:: WHAT THE TASK REQUIRES ::
Would you please repeat exactly the entries below, starting at the line with "<p><strong>'Bugün milletvekilliği seçimi" and ending at the line with "Mixed-race Queen of SHEBA art work Queeno11", and nothing outside that range? Leave out the pictures.

:: RECORDS FOR THIS TASK ::
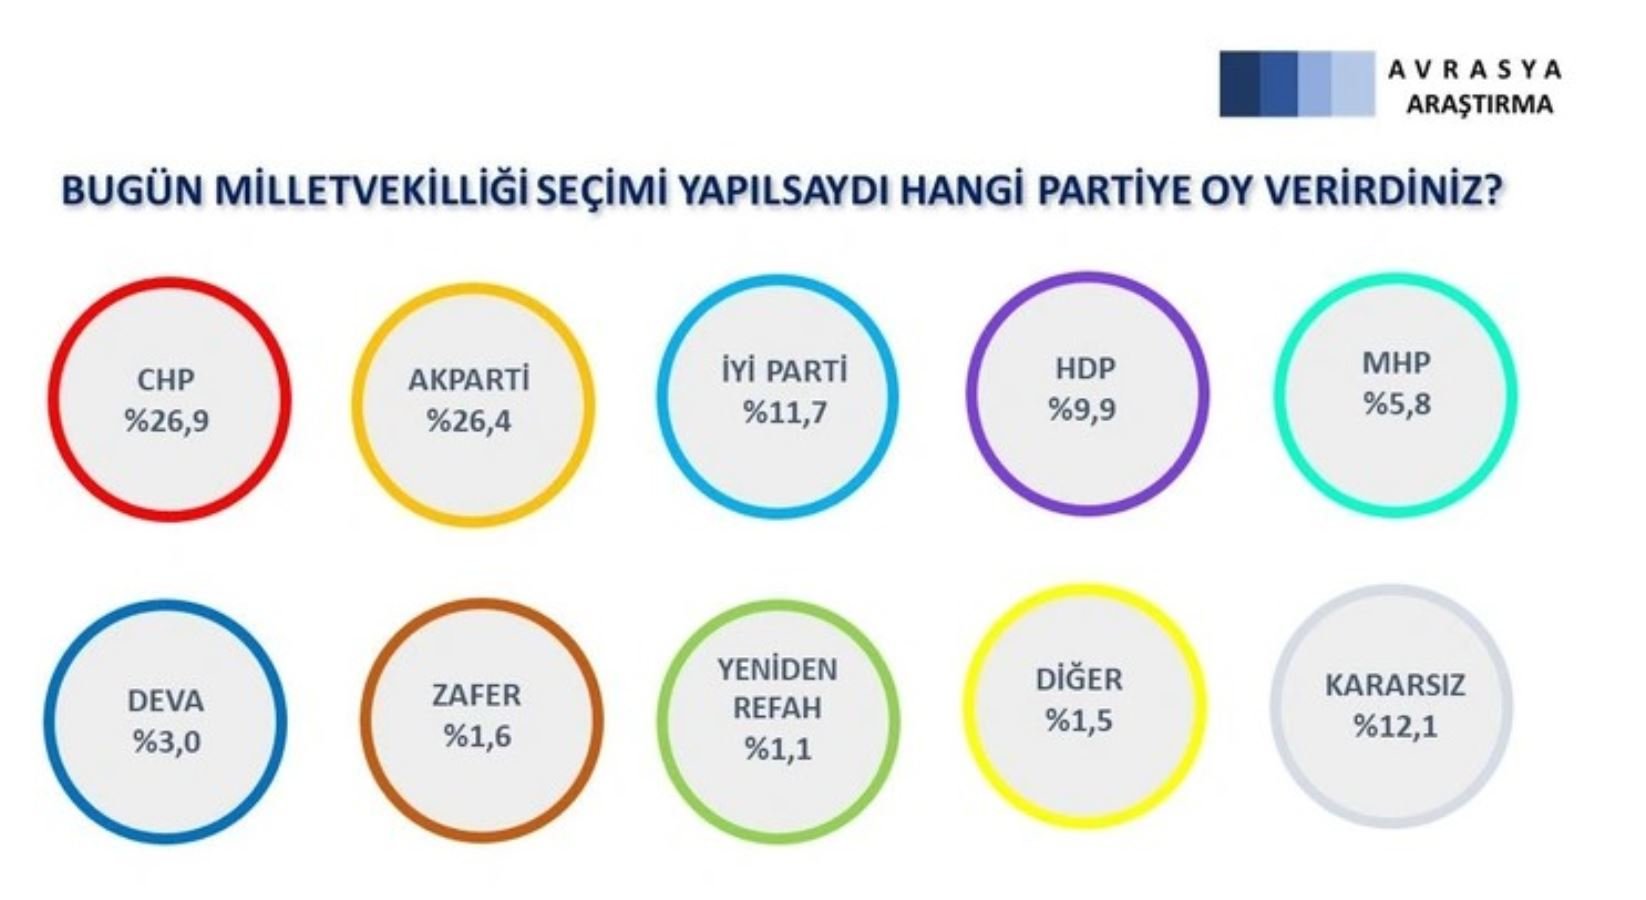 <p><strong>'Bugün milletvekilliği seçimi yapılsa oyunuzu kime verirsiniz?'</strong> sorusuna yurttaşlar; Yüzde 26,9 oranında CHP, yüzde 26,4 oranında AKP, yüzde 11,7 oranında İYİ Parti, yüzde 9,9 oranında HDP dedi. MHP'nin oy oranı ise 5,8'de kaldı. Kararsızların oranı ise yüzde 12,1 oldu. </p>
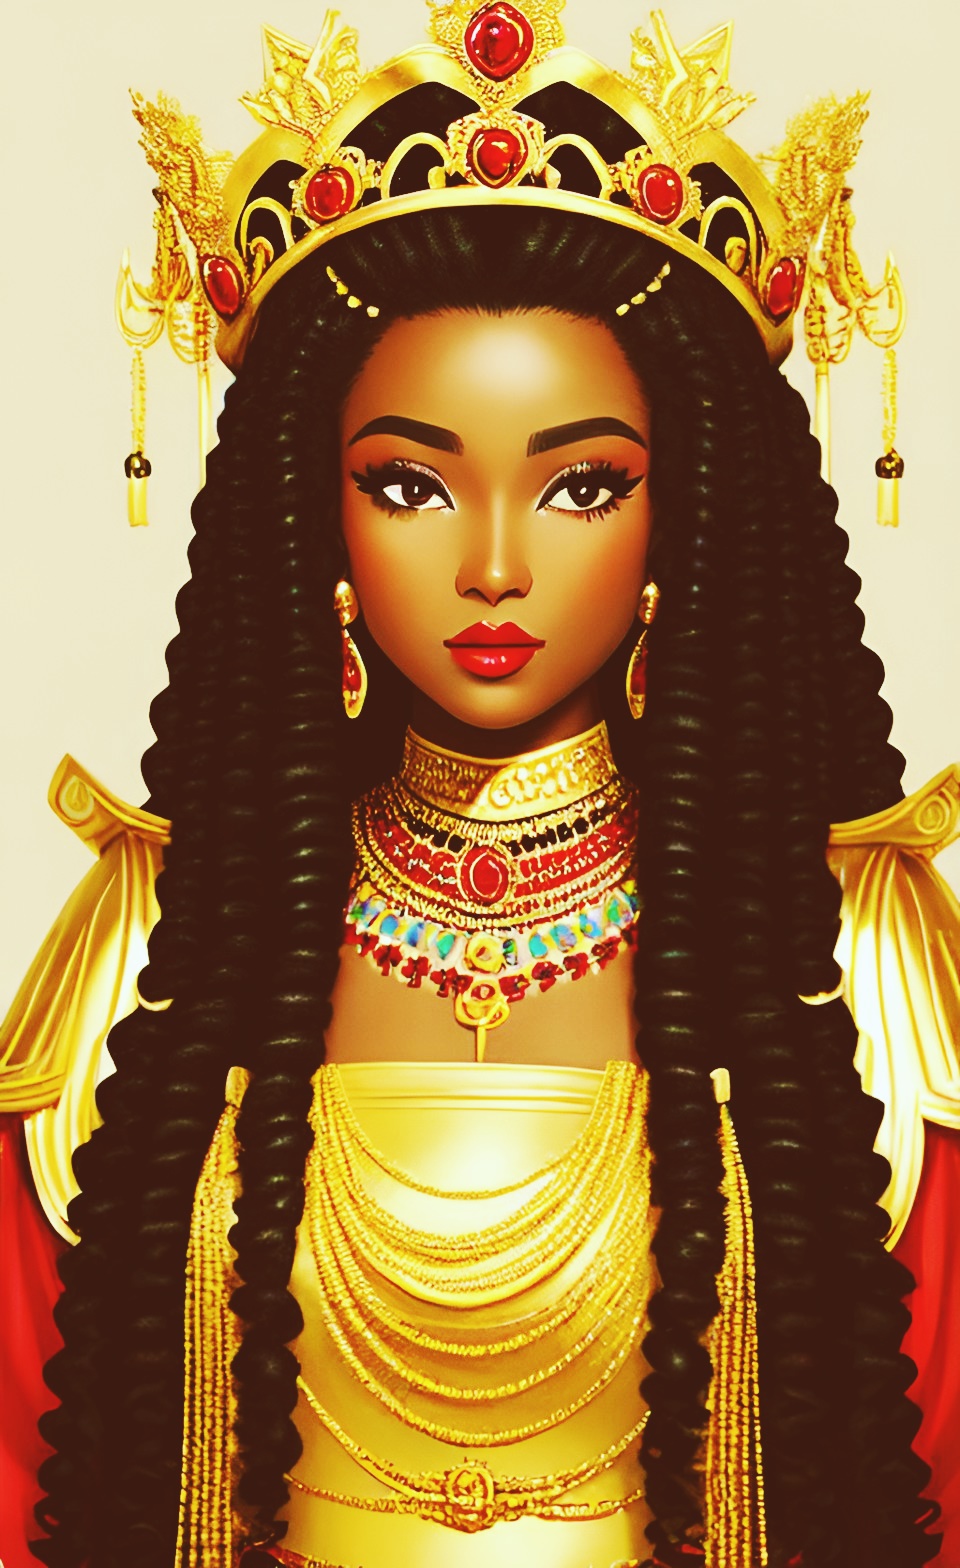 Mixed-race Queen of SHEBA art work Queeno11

--

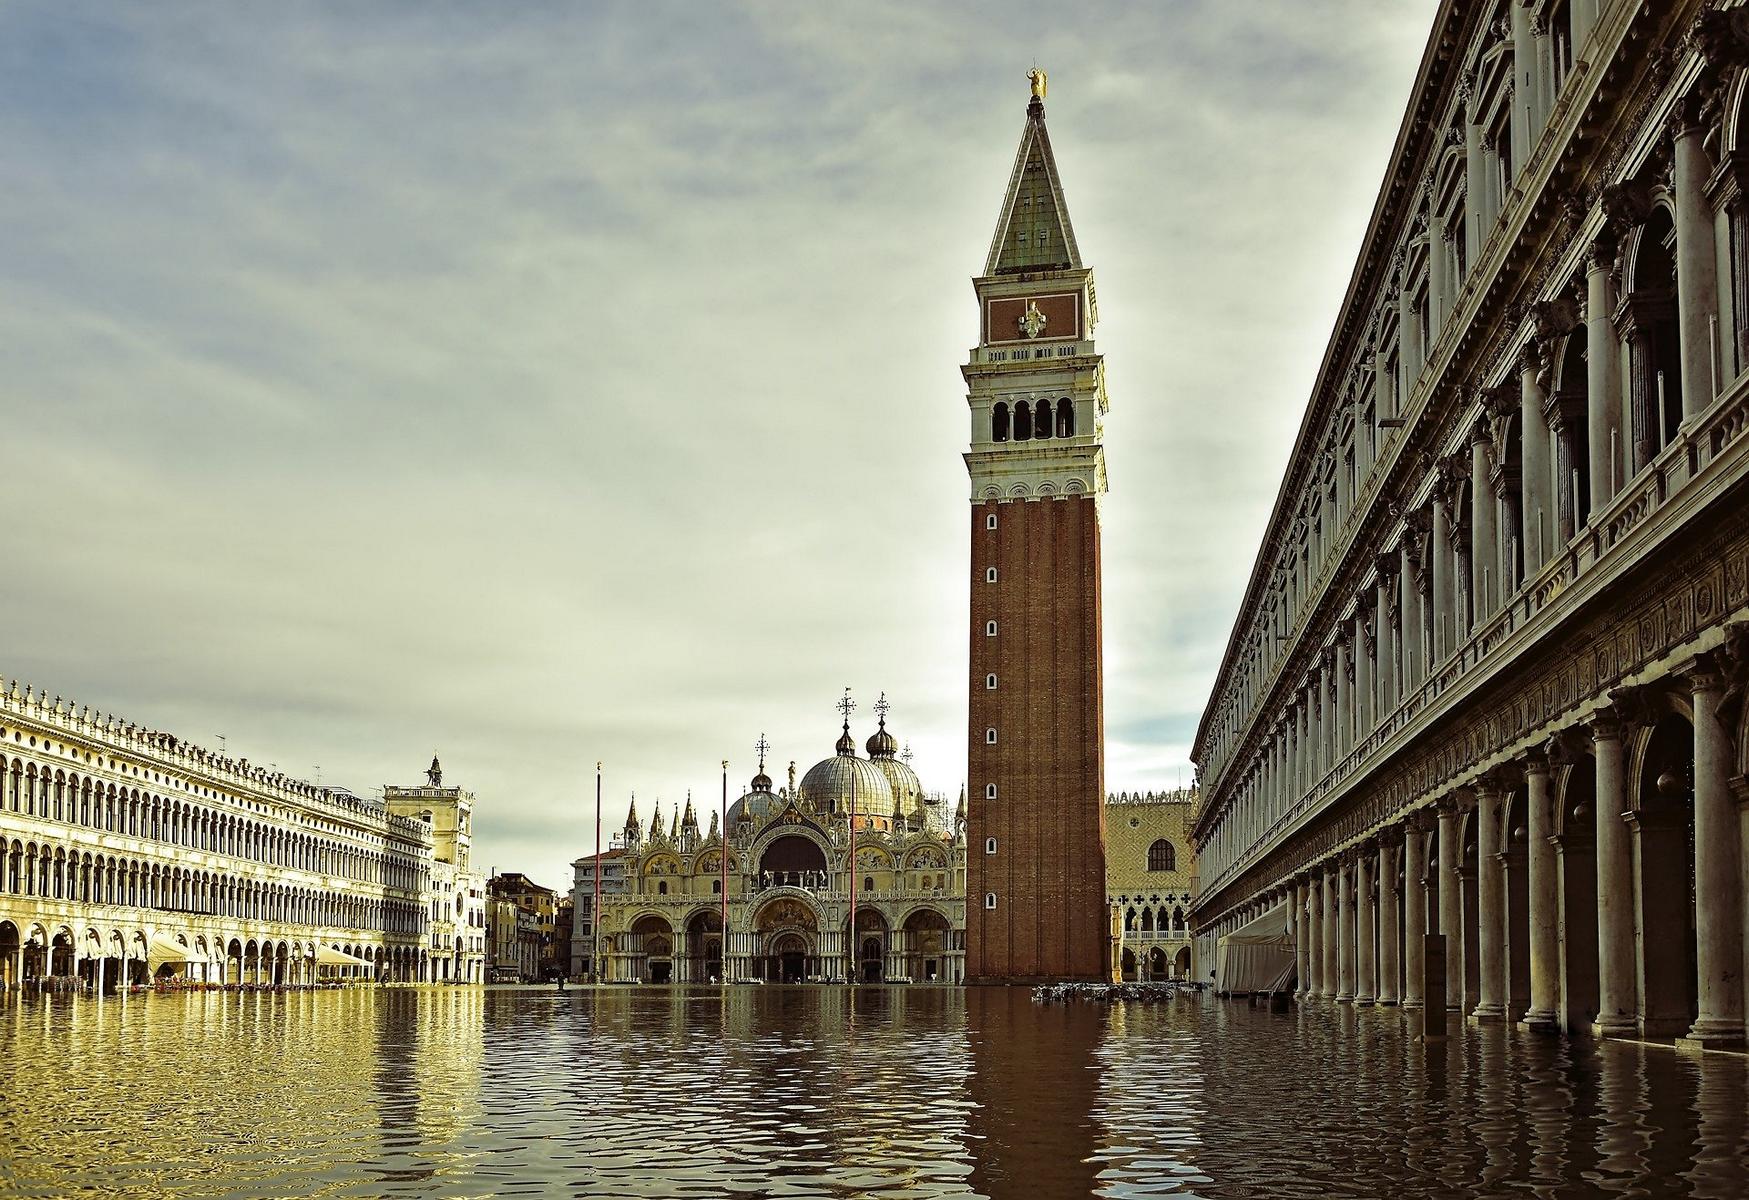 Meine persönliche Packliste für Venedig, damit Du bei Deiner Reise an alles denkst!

:: RESULT ::
 <p><strong>'Bugün milletvekilliği seçimi yapılsa oyunuzu kime verirsiniz?'</strong> sorusuna yurttaşlar; Yüzde 26,9 oranında CHP, yüzde 26,4 oranında AKP, yüzde 11,7 oranında İYİ Parti, yüzde 9,9 oranında HDP dedi. MHP'nin oy oranı ise 5,8'de kaldı. Kararsızların oranı ise yüzde 12,1 oldu. </p>
 Mixed-race Queen of SHEBA art work Queeno11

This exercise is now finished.